**EXERCISE DESCRIPTION:** In the records below, repeat word for word only the lines starting at the one that contains "White Faux Leather Jacket In" and ending at the one that contains "Kitara 2020 Board Game", pictures excluded.

**DATA FOR THIS EXERCISE:**
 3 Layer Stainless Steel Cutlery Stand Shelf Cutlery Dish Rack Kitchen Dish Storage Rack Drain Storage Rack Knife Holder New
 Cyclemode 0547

...

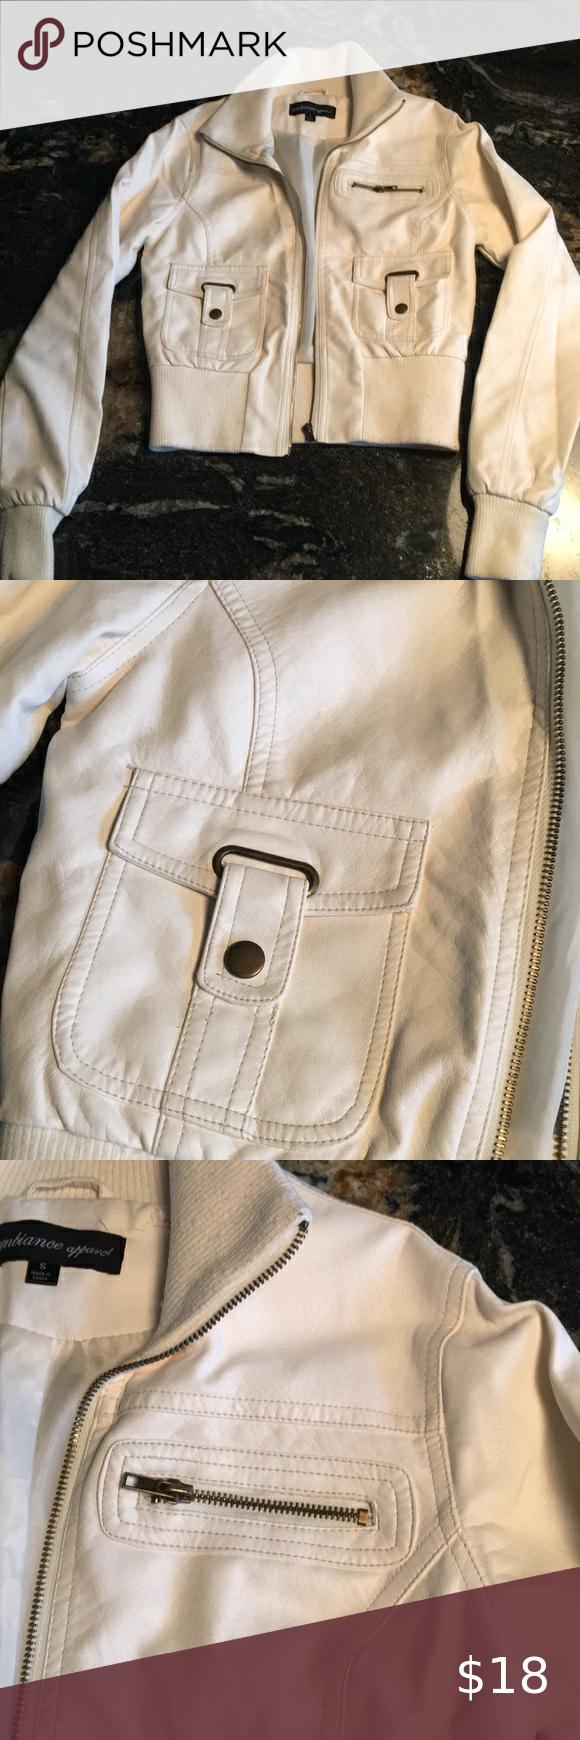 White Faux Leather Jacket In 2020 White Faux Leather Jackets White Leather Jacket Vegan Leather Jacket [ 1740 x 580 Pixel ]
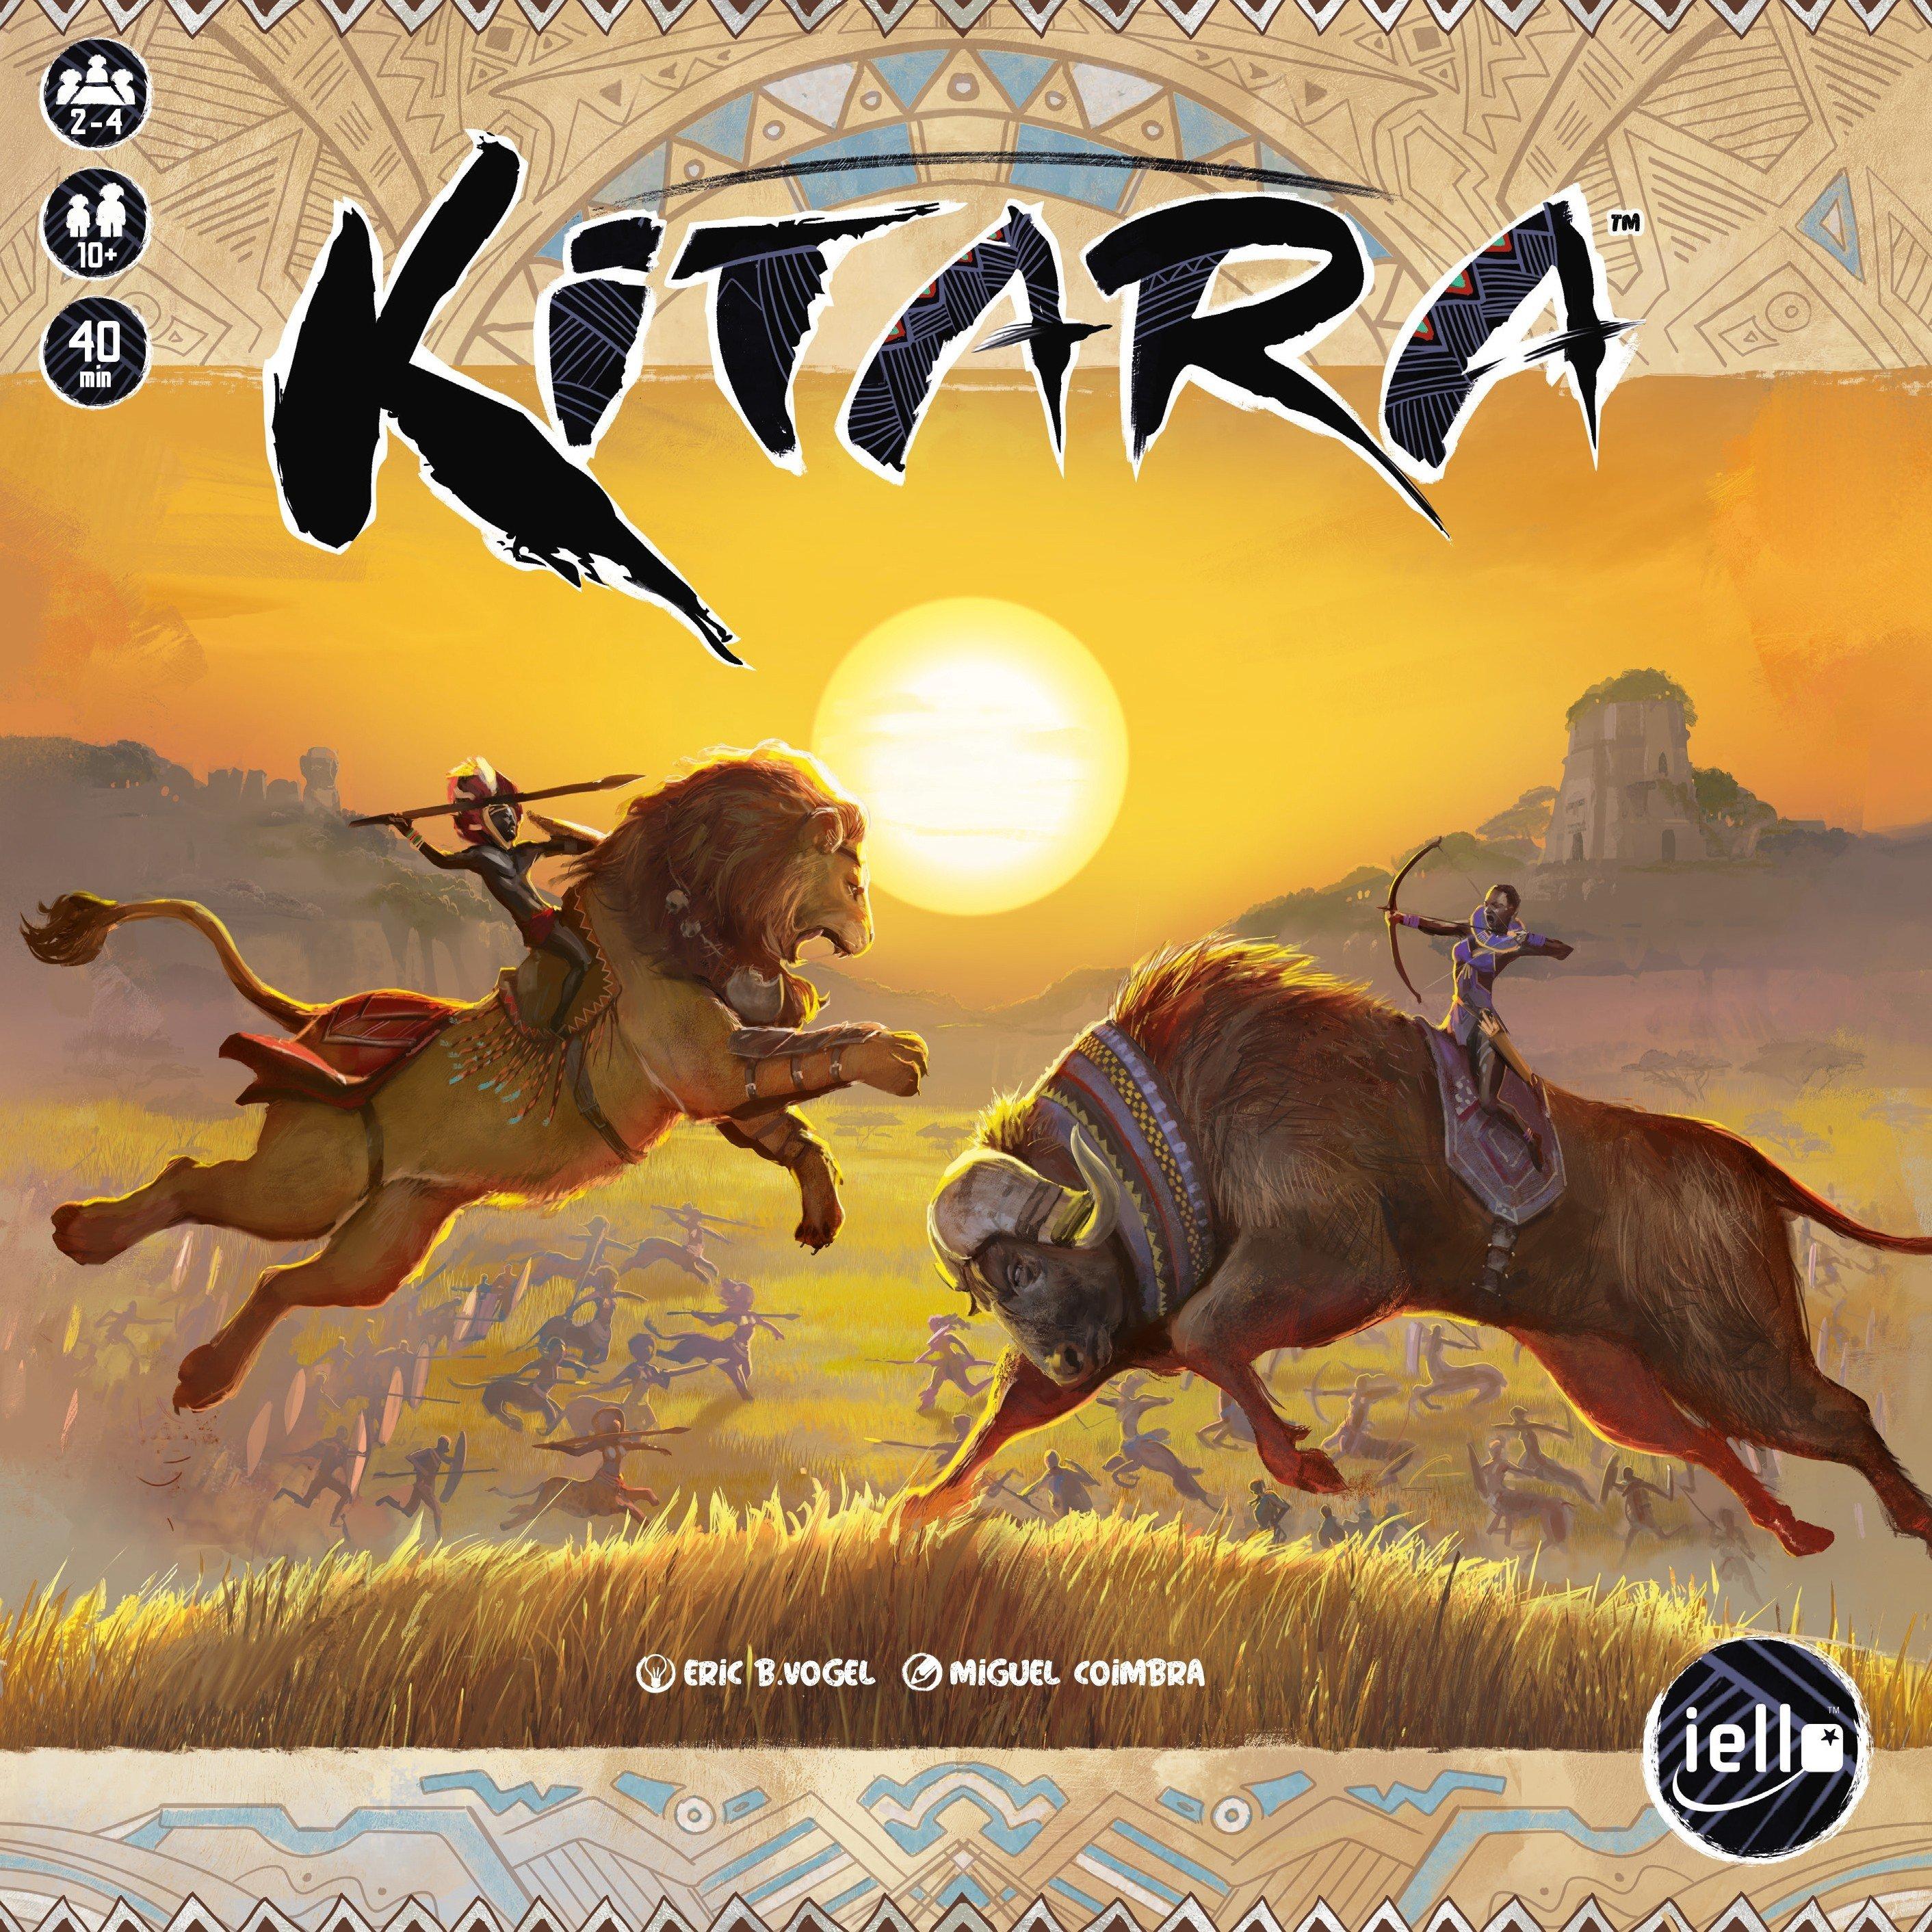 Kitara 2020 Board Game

--

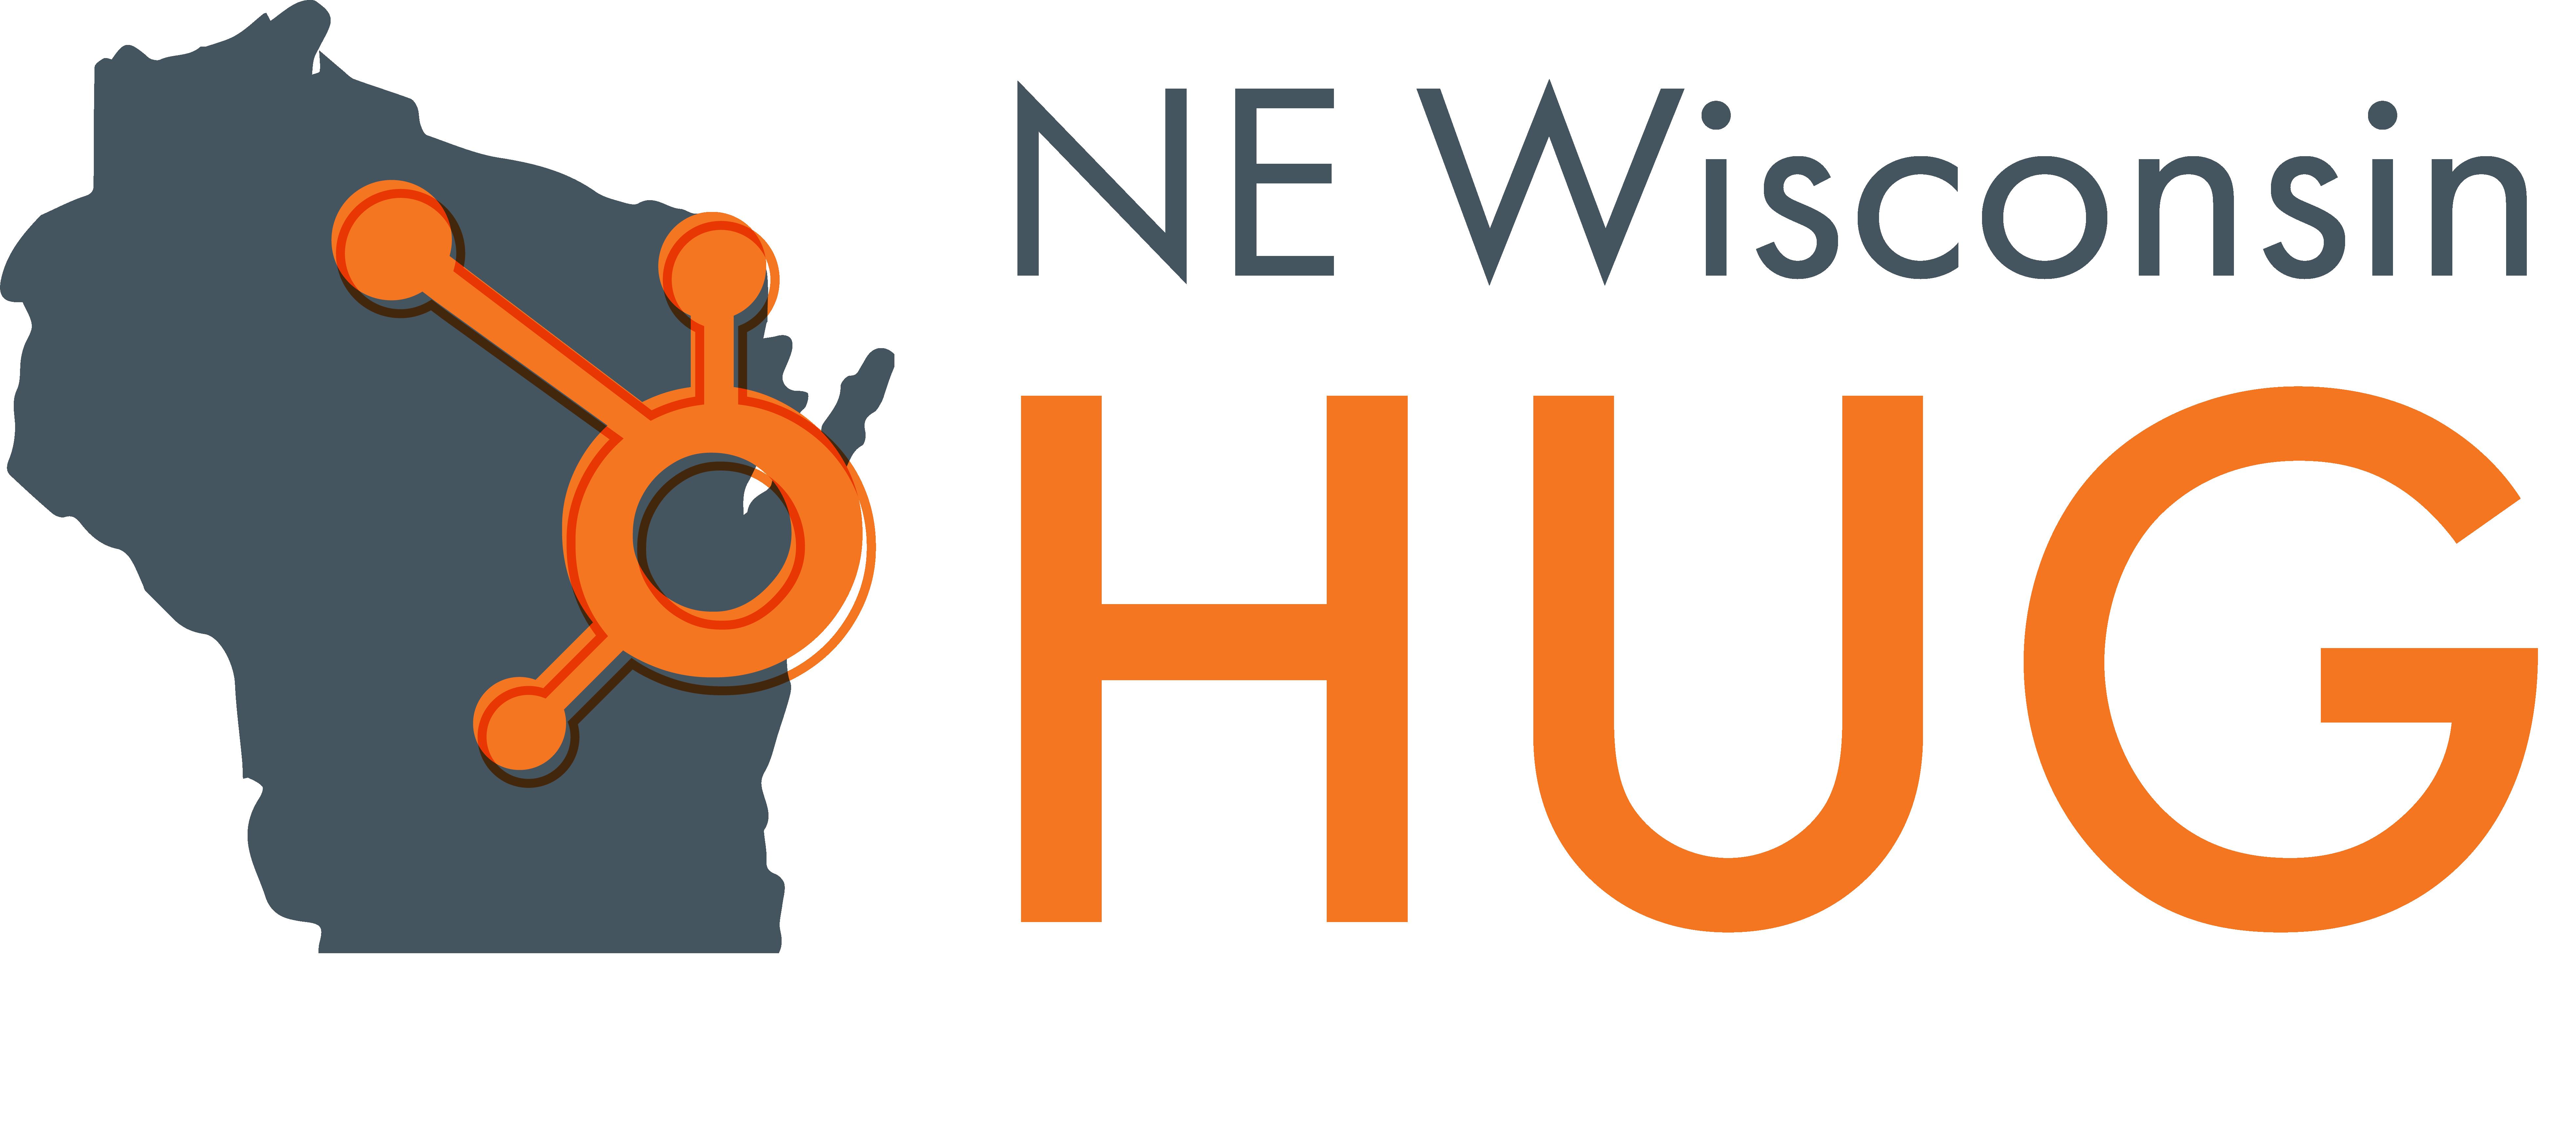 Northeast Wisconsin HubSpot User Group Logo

**FINAL ANSWER:**
 White Faux Leather Jacket In 2020 White Faux Leather Jackets White Leather Jacket Vegan Leather Jacket [ 1740 x 580 Pixel ]
 Kitara 2020 Board Game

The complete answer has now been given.